Tapi kadang, sejarah jurnalistik mengajarkan bahwa kesaksian dari kejauhan bisa memiliki ketajaman yang berbeda. Ketika seseorang mengirim pesan kepada penulis dari sebuah negeri tempatnya bekerja. Sebuah pesan dengan teks yang diketik pada pukul dua dini hari lantaran tak bisa tidur, karena di luar jendela apartemennya, lampu kota masih menyala. Dadanya terasa kosong, yang keluar adalah ungkapan kejujuran yang tak tersensor oleh etika percakapan tatap muka.

Dari kejujuran yang penulis baca itulah kemudian gambaran mengenai jawaban terekam dan tersusun rapi. Jawaban penulis mulai dengan mendeksripsikan angka kelahiran di Korea Selatan pada tahun 2024, sebanyak 0,72%. Sebuah angka yang membuat para demograf di seluruh dunia berhenti dan menggosok mata. Belum pernah ada negara modern dengan ekonomi sekelas Korea Selatan memiliki angka di bawah satu persen. Artinya, setiap generasi hanya melahirkan kurang dari separuh jumlah dirinya sendiri, seperti halnya sebuah sungai yang perlahan-lahan menyusut, tahun demi tahun, hingga yang tersisa hanya bebatuan kering dan ingatan tentang air.

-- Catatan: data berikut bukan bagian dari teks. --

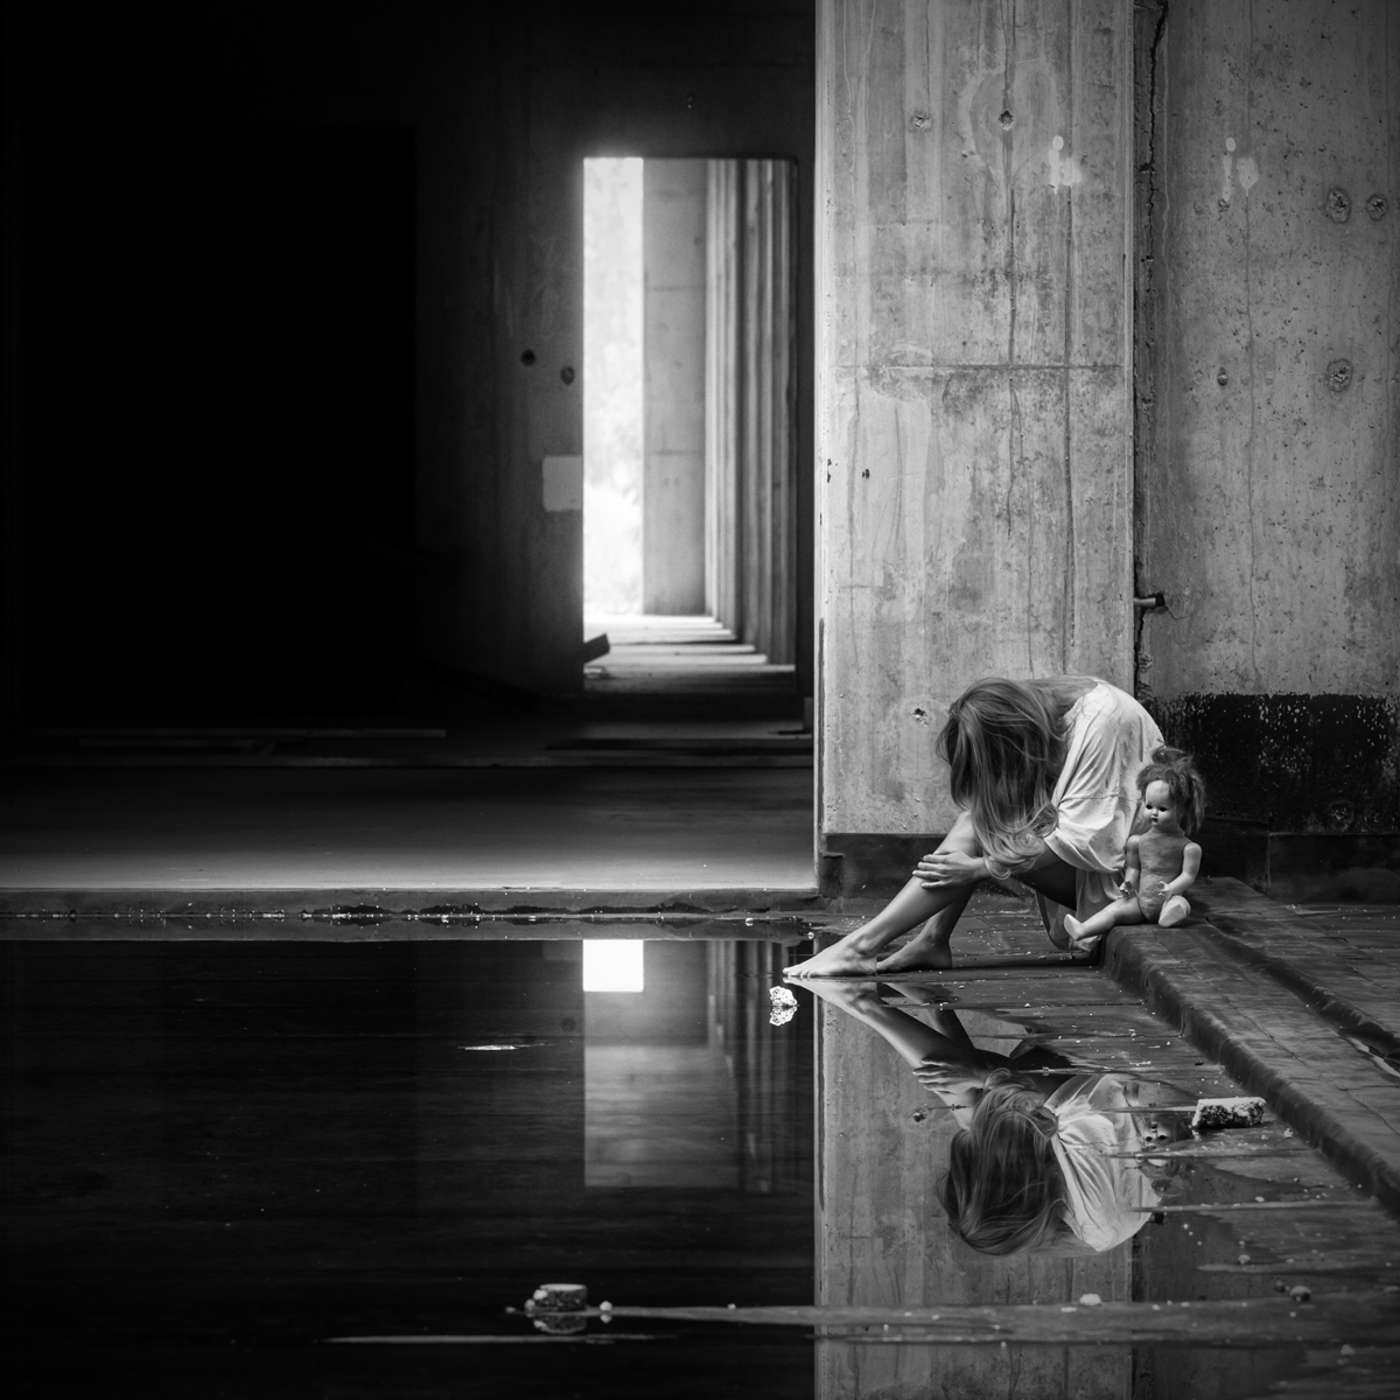 Плохой сон IV, фотограф Петер Целей
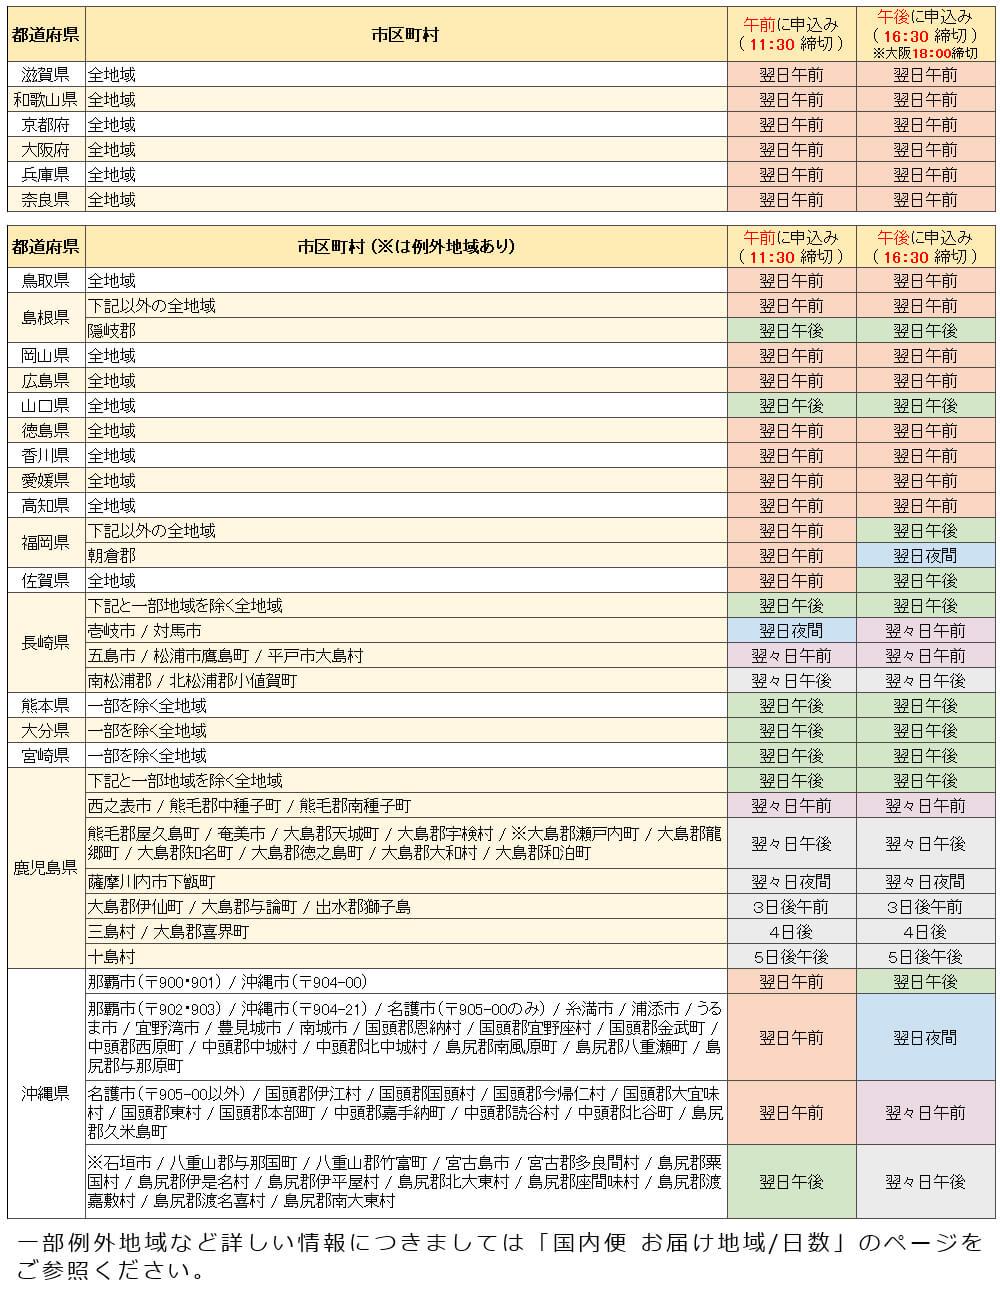 日本国内便 お届け地域・日数 簡易表2

Seorang pekerja migran yang sebelumnya pernah bekerja di Jepang yang melanjutkan kontraknya ke Korea, pernah memberikan sebuah pesan kepada penulis. Sebuah pesan yang dalam kesederhanaannya merangkum lebih banyak dari seluruh laporan Bank Dunia dan IMF. Katanya: “Ustadz, di sini orang-orangnya lebih keras dari masyarakat di Jepang. Tapi lelahnya sama, mungkin malah lebih parah. Mereka berlari lebih kencang, tapi sepertinya tidak tahu ke mana tujuannya”.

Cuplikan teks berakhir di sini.